TASK OBJECTIVE
After locating the line that contains "ArtStation - Winchester", restate it and each later line word for word through the end of the records.

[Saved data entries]
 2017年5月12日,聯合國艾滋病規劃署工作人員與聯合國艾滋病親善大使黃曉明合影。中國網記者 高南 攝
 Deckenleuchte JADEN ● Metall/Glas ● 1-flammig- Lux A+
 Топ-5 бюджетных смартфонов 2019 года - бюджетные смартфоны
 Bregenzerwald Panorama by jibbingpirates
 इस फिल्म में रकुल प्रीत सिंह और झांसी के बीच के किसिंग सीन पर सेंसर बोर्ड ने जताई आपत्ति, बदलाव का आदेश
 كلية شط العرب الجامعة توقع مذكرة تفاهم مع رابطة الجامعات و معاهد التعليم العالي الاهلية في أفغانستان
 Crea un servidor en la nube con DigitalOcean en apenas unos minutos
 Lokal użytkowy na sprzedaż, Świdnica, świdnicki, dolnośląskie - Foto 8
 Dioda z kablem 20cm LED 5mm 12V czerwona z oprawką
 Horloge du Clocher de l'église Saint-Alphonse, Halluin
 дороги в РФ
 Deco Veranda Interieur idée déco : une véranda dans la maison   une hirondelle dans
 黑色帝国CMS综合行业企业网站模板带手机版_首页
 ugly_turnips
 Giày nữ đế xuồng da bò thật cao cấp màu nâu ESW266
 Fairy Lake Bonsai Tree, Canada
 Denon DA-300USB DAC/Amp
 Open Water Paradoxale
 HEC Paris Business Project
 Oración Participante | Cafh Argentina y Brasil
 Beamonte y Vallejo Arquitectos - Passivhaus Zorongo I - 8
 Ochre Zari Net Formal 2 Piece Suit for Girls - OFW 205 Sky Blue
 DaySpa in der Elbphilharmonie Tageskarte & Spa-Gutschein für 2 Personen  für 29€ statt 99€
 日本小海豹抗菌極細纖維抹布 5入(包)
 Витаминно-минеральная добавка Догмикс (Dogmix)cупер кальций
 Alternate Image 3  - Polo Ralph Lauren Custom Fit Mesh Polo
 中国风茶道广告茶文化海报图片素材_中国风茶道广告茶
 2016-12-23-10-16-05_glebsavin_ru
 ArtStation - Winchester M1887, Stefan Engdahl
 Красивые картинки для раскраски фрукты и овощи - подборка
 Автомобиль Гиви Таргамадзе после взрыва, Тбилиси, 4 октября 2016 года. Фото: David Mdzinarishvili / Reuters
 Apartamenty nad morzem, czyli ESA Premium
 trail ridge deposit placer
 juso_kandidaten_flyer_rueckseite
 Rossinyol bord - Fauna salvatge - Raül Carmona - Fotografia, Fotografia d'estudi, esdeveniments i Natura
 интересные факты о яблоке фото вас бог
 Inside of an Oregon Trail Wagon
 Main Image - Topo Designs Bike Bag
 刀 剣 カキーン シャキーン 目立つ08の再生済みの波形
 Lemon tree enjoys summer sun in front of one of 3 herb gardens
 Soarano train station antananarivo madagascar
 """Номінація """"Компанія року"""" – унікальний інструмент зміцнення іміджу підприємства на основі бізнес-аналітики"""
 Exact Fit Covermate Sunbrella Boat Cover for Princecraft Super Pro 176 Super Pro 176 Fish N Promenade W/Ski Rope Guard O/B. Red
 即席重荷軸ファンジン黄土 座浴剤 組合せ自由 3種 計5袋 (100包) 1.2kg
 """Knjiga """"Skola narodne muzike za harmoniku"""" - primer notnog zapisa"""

ANSWER TO THIS PROBLEM
 ArtStation - Winchester M1887, Stefan Engdahl
 Красивые картинки для раскраски фрукты и овощи - подборка
 Автомобиль Гиви Таргамадзе после взрыва, Тбилиси, 4 октября 2016 года. Фото: David Mdzinarishvili / Reuters
 Apartamenty nad morzem, czyli ESA Premium
 trail ridge deposit placer
 juso_kandidaten_flyer_rueckseite
 Rossinyol bord - Fauna salvatge - Raül Carmona - Fotografia, Fotografia d'estudi, esdeveniments i Natura
 интересные факты о яблоке фото вас бог
 Inside of an Oregon Trail Wagon
 Main Image - Topo Designs Bike Bag
 刀 剣 カキーン シャキーン 目立つ08の再生済みの波形
 Lemon tree enjoys summer sun in front of one of 3 herb gardens
 Soarano train station antananarivo madagascar
 """Номінація """"Компанія року"""" – унікальний інструмент зміцнення іміджу підприємства на основі бізнес-аналітики"""
 Exact Fit Covermate Sunbrella Boat Cover for Princecraft Super Pro 176 Super Pro 176 Fish N Promenade W/Ski Rope Guard O/B. Red
 即席重荷軸ファンジン黄土 座浴剤 組合せ自由 3種 計5袋 (100包) 1.2kg
 """Knjiga """"Skola narodne muzike za harmoniku"""" - primer notnog zapisa"""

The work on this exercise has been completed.